И сидел в той же небрежной позе, пуская дым. Экспресс Канн —
Ницца — Вена — Санкт-Петербург тронулся совершенно незаметно — просто-напросто
в один прекрасный момент пол под ногами едва уловимо вздрогнул, станционные
здания, люди на перроне — всё помаленечку стало уплывать назад.
Без всякой спешки приподнявшись, погасив папиросу в сияющей
бронзовой пепельнице, Бестужев подошёл к окну и самым вежливым образом
раскланялся с представителем императорско-королевской тайной полиции. Герр
Майер с непроницаемым лицом слегка приподнял котелок и повернулся, явно
собираясь уходить, считая свою миссию выполненной.
Бестужев моментально преобразился. Двигаясь со всей
возможной быстротой, он накинул пиджак, бегло проверив, не вывалилось ли
что-нибудь из карманов, затянул галстук, нахлобучил шляпу и вышёл в коридор,
где стены были обиты тиснёной кожей, а на полу постлан алый ковер.
Величественный, монументальный обер-кондуктор оставался на
прежнем месте, у выхода в тамбур. Его можно было принять за генерала
какого-нибудь полуопереточного южноамериканского государства: белоснежный
мундир, погоны из галуна, аксельбант, в сапоги можно смотреться, как в зеркало…
Поезд принадлежал одной из российских железных дорог, а
следовательно, и «обер» был подданным Российской империи — потому Бестужев и
выбрал именно этот план… За окном всё так же неспешно проплывали здания и люди.
Подойдя вплотную к импозантному усачу, Бестужев кивнул на боковую дверь,
противоположную той, через которую вошли пассажиры.
— Отоприте немедленно.
На холёной физиономии отобразилось лёгкое удивление:
— Простите, господин…
Упёршись ему в переносицу тяжёлым взглядом, Бестужев
произнёс с расстановкой, веско, тем именно тоном, какой в пределах Российской
империи производил должное впечатление:
— Живо отопри дверь, болван! Охранное отделение! На
товарный, под Владивосток, захотел? Жив-ва, морда!
Вот теперь в глазах «обера» мелькнуло надлежащее почтение, и
он с поразительным для столь монументальной комплекции проворством зашарил по
карманам в поисках ключа, найдя, кинулся к двери, бормоча:
— Сей секунд-с! Не извольте беспокоиться, мы с
понятием…
Замок щёлкнул. Повернув ручку и придерживая дверь рукой,
Бестужев бросил наставительно:
— Не было меня здесь, ты понял? Пустое купе!

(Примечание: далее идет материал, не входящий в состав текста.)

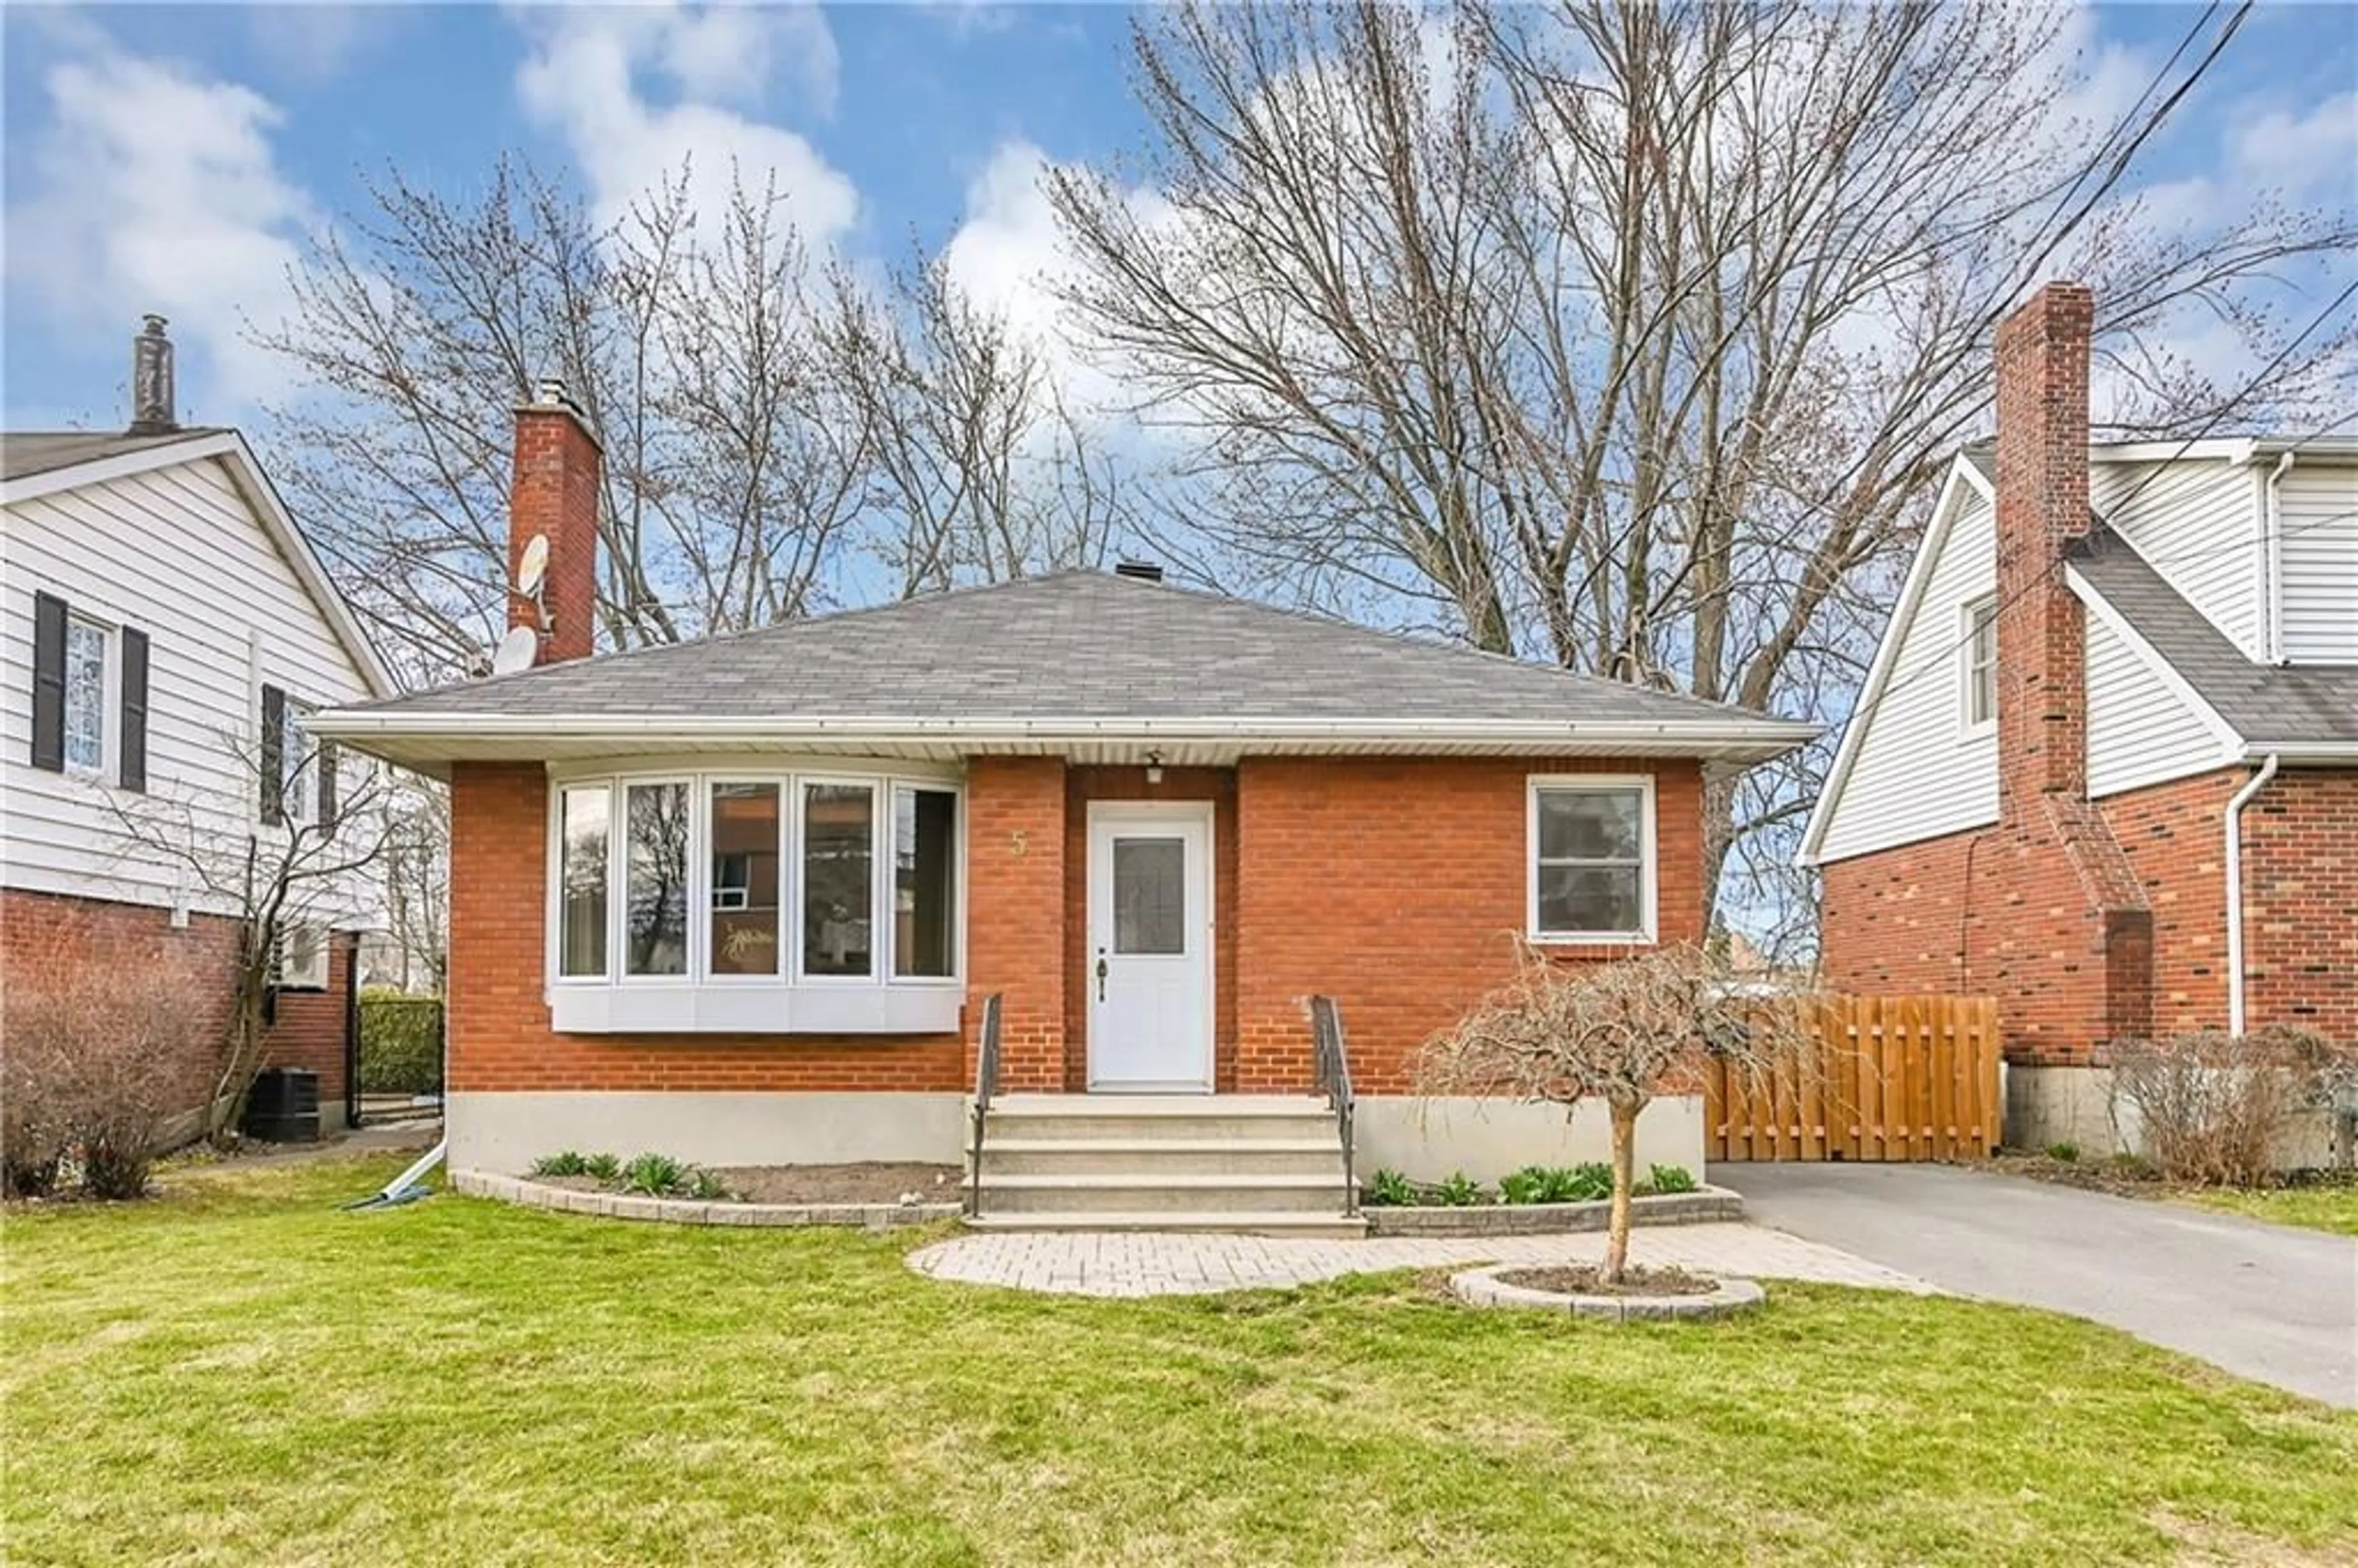 Home with brick exterior material for 5 OLD ORCHARD Ave, Cornwall Ontario K6H 2H1

— Будьте благонадёжны, ваше…
Бестужев был уже на лесенке. Оглянувшись вправо-влево,
примерившись, ловко спрыгнул на перрон с противоположной стороны поезда. Чтобы
не привлекать внимания публики на перроне, тут же обернулся к вагону и пошёл за
ним следом, сияя лучезарной улыбкой, махая рукой так, словно провожал кого-то
по-настоящему близкого. Уловка подействовала, на него не обратили ни малейшего
внимания.
Слегка ускорил шаг, чтобы поезд его не обогнал — господин
Майер мог и остаться на перроне по исконно немецкой служебной ретивости.

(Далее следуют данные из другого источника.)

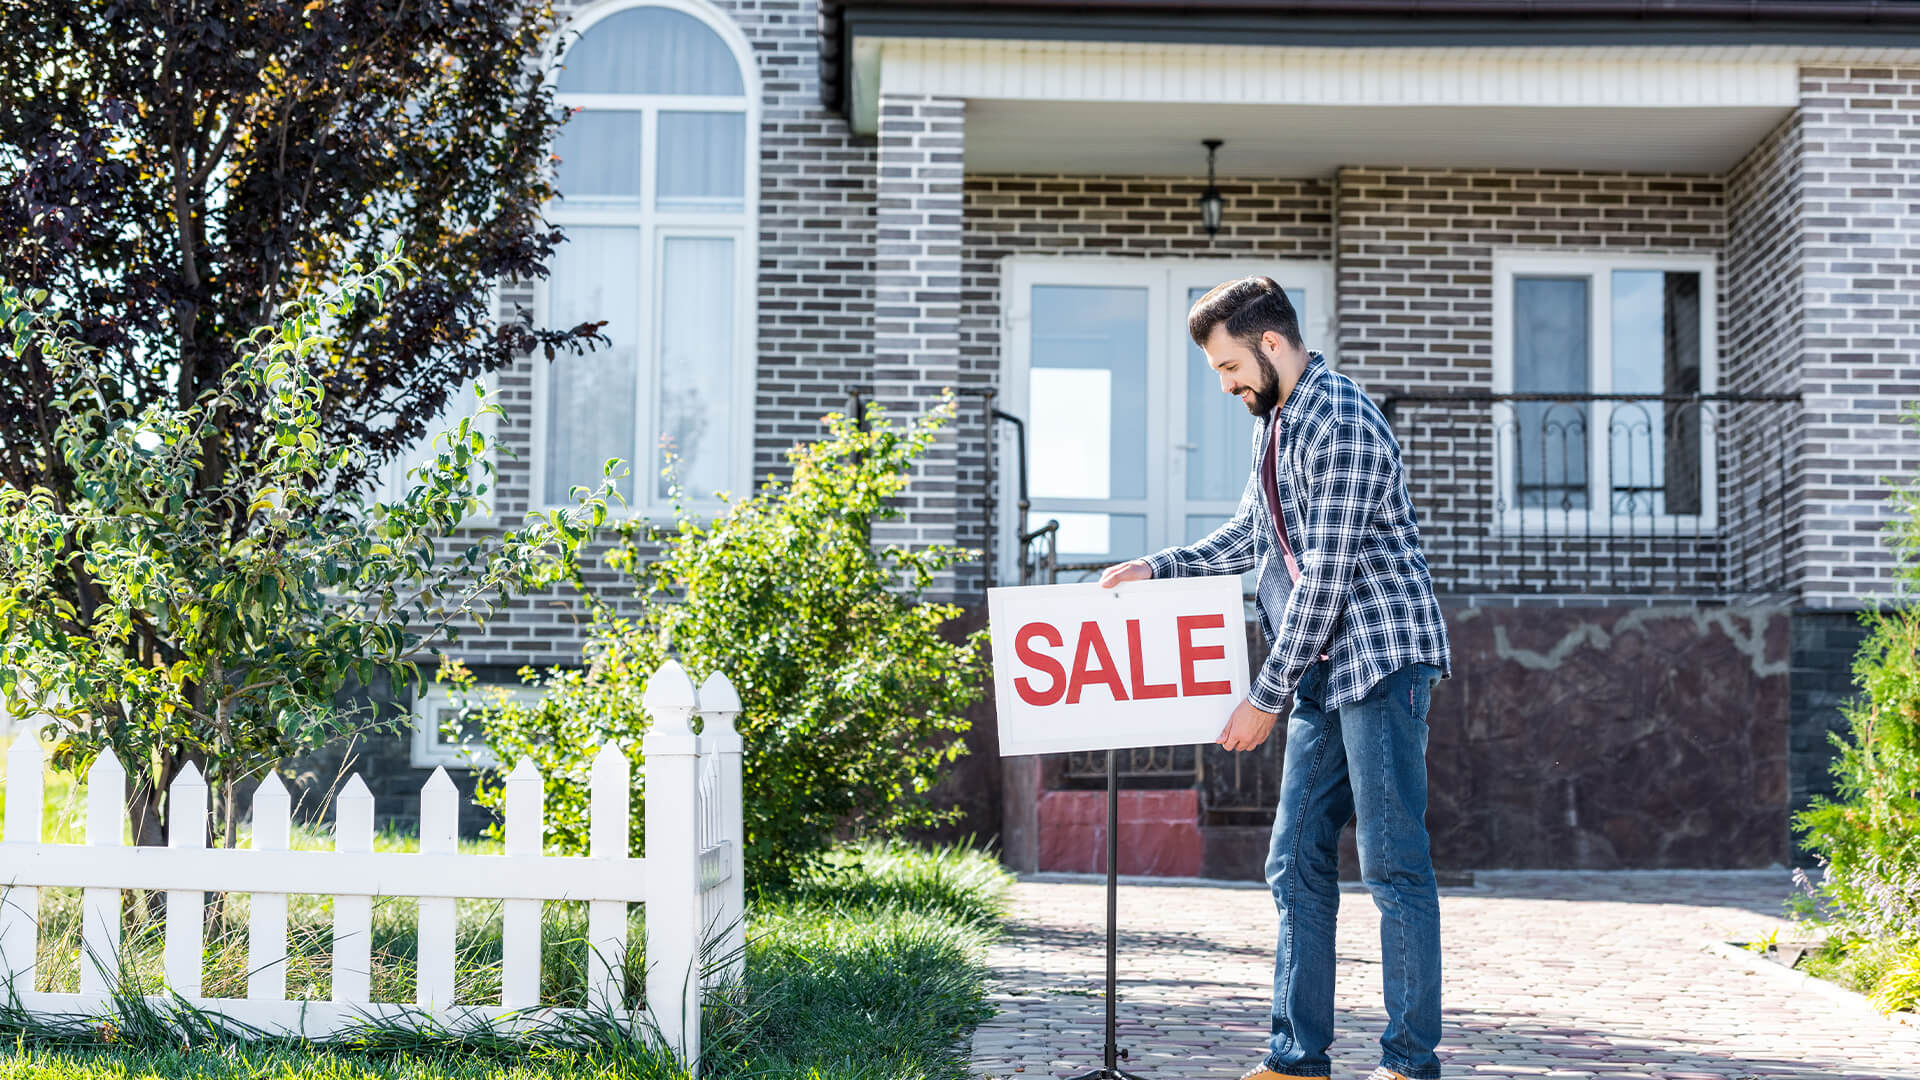 Selling to a Cash Buyer: Should You Spend Extra Money?

Остановился, только выйдя из-под высокой стеклянной крыши вокзала.
Мимо проплывали вагоны, украшенные начищенными медными
буквами МОСВ.
[1]
Багажный вагон. Холодильный вагон, в котором
обычно везли в Россию нежный груз — фиалки из Италии. Бестужев печально
покривил губы — сейчас там находилось и тело поручика Лемке, точнее,
петербургского приват-доцента Людвига Фридриховича Вернера, совершавшего
поездку ради собственного удовольствия и злодейски убитого в Вене неизвестными
злоумышленниками…
Перейдя пути по звонкой металлической эстакаде, он уверенно
направился к боковому выходу, предъявил контролёру перронный билет и
беспрепятственно покинул вокзал — один из многочисленных провожающих, не
обременённый ничем, кроме тросточки (той самой, с залитой свинцом рукоятью),
прилично одетый молодой человек, ничем не выделявшийся из толпы венцев.

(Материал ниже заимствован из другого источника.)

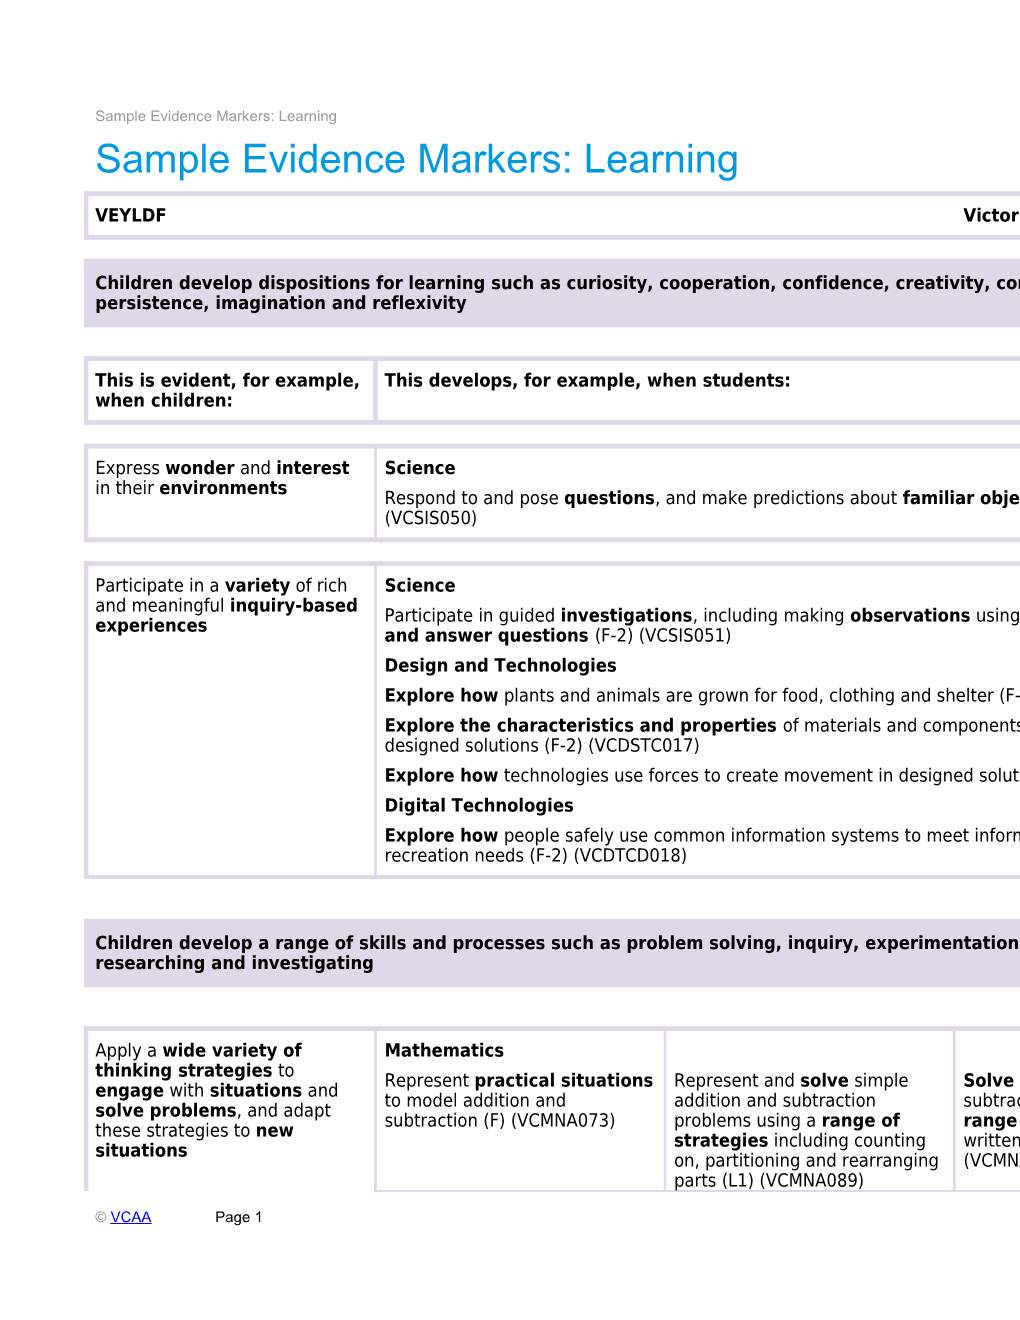 Sample Evidence Markers: Learning

Опять-таки с непринуждённостью истого венца направился к остановке конки,
высматривая номер пятьдесят седьмой, идущий на Луизенштрассе. Когда сытые,
аккуратные немецкие лошадки с коротко подстриженными хвостами остановились,
вошёл в вагон и устроился на свободном месте у окна. Прикрыв глаза, облегчённо
вздохнул: слежки за ним не было, значит, удалось уйти, не привлекая внимания,
все, кому это ведать надлежит, полагают, что он по-прежнему находится в
набирающем скорость поезде…
Легкомысленного настроения не было — откуда ему взяться, не
та ситуация — но он определённо ощущал некую лёгкость как в движениях, так и в
мыслях. Он был сейчас чем-то вроде Невидимого Человека из английского романа
Уэльса, его как бы и вовсе не существовало на свете.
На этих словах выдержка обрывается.